Sherlock stared at John for a moment before relaxing slightly, wings unfolding and flexing once again. The detective watched the light dance through his feathers with a curious look on his face. “I suppose, if I look at them objectively… If I try to see them as you do, my wings are fascinating,” he admitted softly. “I… I did not realize… Thank you, John.”
John nodded and turned his gaze to the sunset once more. “You’re welcome, Sherlock. Can you see how the sunset is beautiful too?”
Wrapping one wing around John’s shoulder, Sherlock merely hummed in agreement.
Chapter 22: Mad
I told her 'I’m angry,' but it’s more than that, more than I can say to Mrs. Hudson, at any rate. You’ve driven me mad, Sherlock, mad with pain and fury and loss. I did not know one person could cause me so much grief, but damn it Sherlock, I’m lost and I need you. I need you, you mad infuriating man. I need the fights and the danger and the insanity that you are apparently made of. You had no right to take that from me, no right to take away my sanity, no right to deprive me of you. You are not a fraud, Sherlock, and I think I hate you for believing the same lie the world is eating up right now. I’m angry, Sherlock, but the part that makes me the most furious is that if you come back I will forgive you without a second thought. People are convinced I must be mad to believe in you… I think I am.

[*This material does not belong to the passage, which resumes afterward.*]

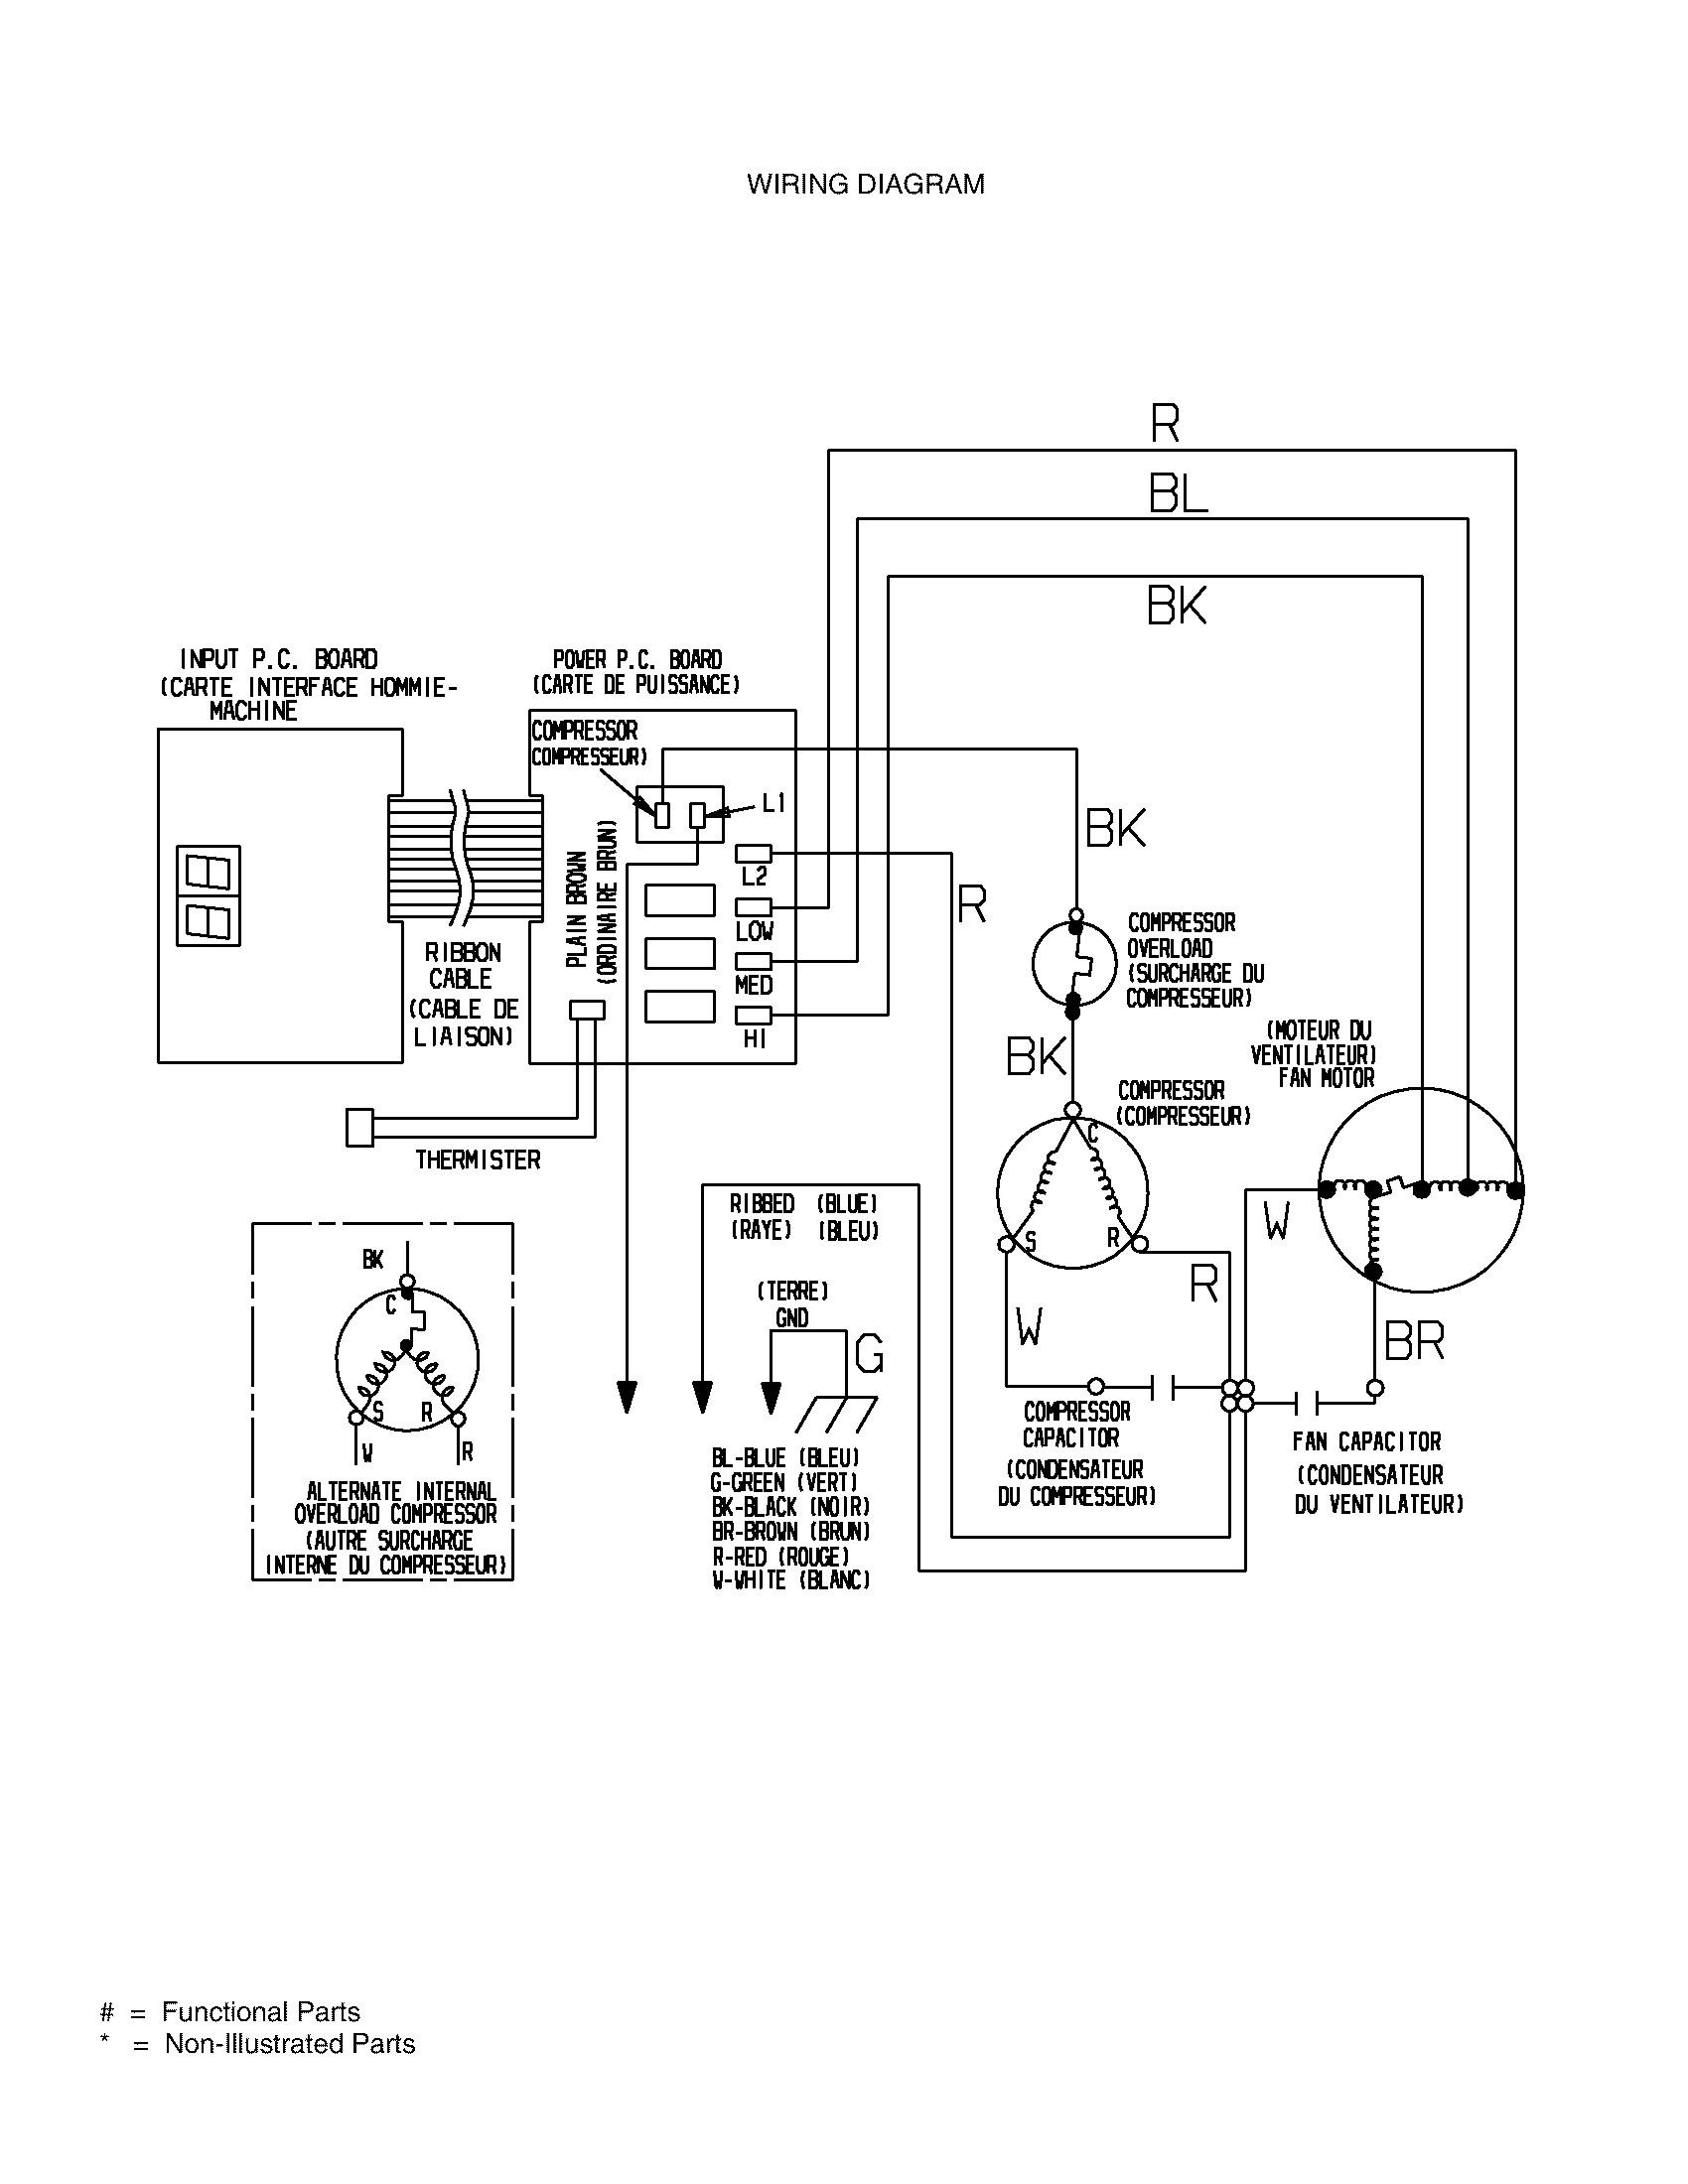 Air Conditioner Wiring Diagram Coleman Rv Air Conditioner Wiring Diagram – Wire Diagram Of Air Conditioner Wiring Diagram

- an excerpt from the unpublished blog entries of John Watson
Chapter 23: Thousand
It takes John exactly one thousand four hundred and fourteen days to get over the death of Sherlock Holmes.
One thousand four hundred and fourteen days mourning his best friend, one thousand four hundred and fourteen nights struggling to wake up from nightmares full of falling bodies and pools of blood, one thousand four hundred and fourteen painful, grey days spent limping through the haze of a danger-free London. Mary had been so patient, so willing to put up with John’s horror, so understanding and kind and perfect that John couldn’t help but fall in love with her.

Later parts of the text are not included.